- Born: October 28, 1954 (age 71)

Korean name
- Hangul: 이항복
- RR: I Hangbok
- MR: I Hangbok

= Simon Hang-bock Rhee =

South Korean scout (born 1954)

Simon Hang-bock Rhee (born October 28, 1954) is a South Korean former chairman of the World Scout Committee, the main executive body of the World Organization of the Scout Movement, and Chairman of its Management Subcommittee. He was first elected as a member and vice-chairman of the Committee in Seoul, Korea in 2008, and elected as chairman at the 39th World Scout Conference in Brazil in 2011 for a three-year term.

==Background==
A 1972 recipient of the Tiger Scout award, Rhee is the founding Chairman of the Association of Top Achiever Scouts (ATAS), a fellowship group formed during the 38th World Scout Conference, of Scouts and Scouters who have achieved the highest rank in their Scout associations-Queen Scout, President's Scout, Fuji Scout, Eagle Scout, etc.

Rhee has been active in the Scout Movement since 1966. He was a Scout and Venture Scout and has remained active in Scouting, holding various positions in the Korea Scout Association (KSA) and APR Sub-Committees.

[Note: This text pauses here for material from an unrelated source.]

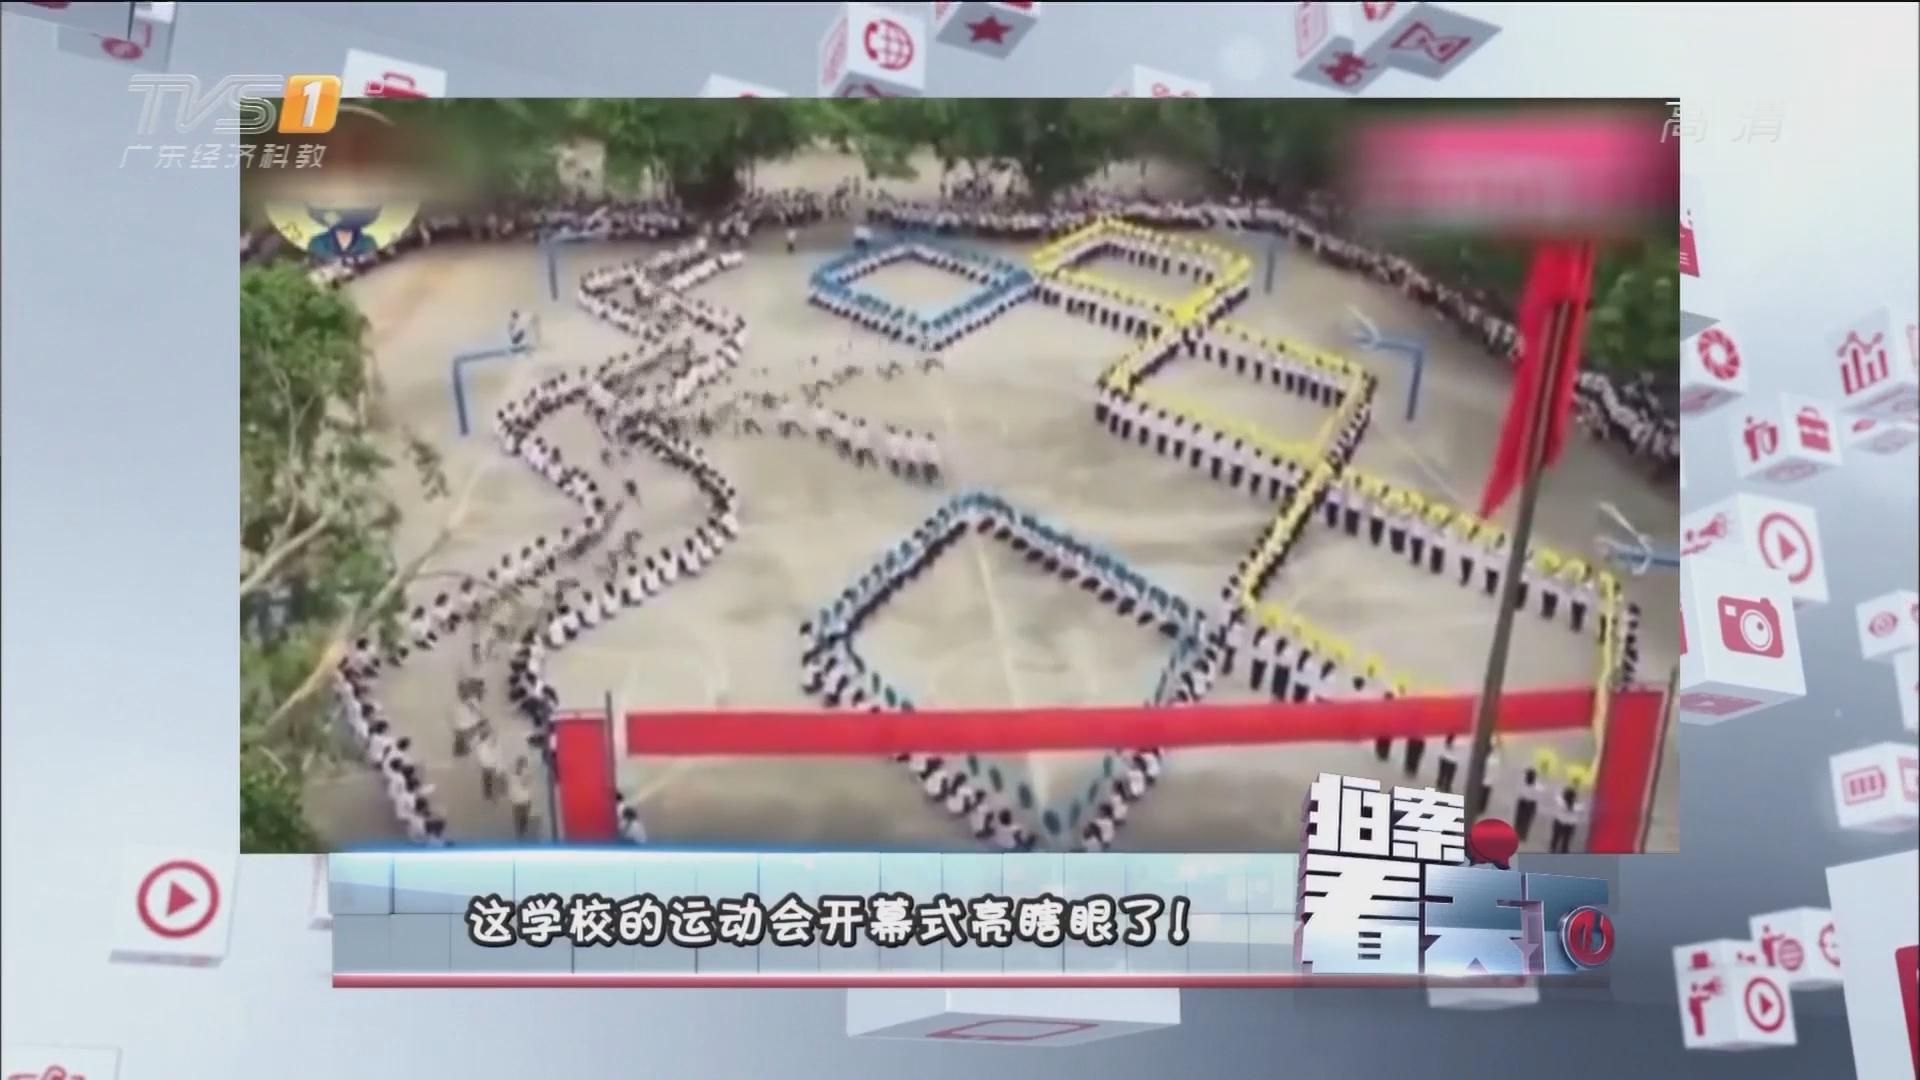 这学校的运动会开幕式亮瞎眼了!

He is currently president of the Asia-Pacific Regional Scout Foundation, vice president of the Korea Scout Association and was chairman of the 38th World Scout Conference and 10th World Scout Youth Forum Host Committee.

Rhee holds a Bachelor of Science, Master of Engineering, Doctorate of Construction Management at Chung-Ang University, Korea. He is a professional architectural engineer and a construction management specialist. His occupation titles include senior director at Hanmi Global Co., Ltd., concurrent professor at Chung-Ang University in Seoul, Korea. He was project manager for Hanjin Heavy Industries (formerly Korea Shipbuilding and Engineering Corporation) in Korea and Hong Kong (1976–1990), general manager of Architectural Marketing Team and project manager for various international construction sites including the Pebble Bay Condominium and Pulau Seraya Power Station in Singapore, as well as the Incheon International Airport for Samsung C&T Corporation (1990–2008). He is presently vice president of Construction Management Marketing Department at Hanmi Parsons Corporation. Rhee currently resides in Seoul, Korea, is married, and has two daughters.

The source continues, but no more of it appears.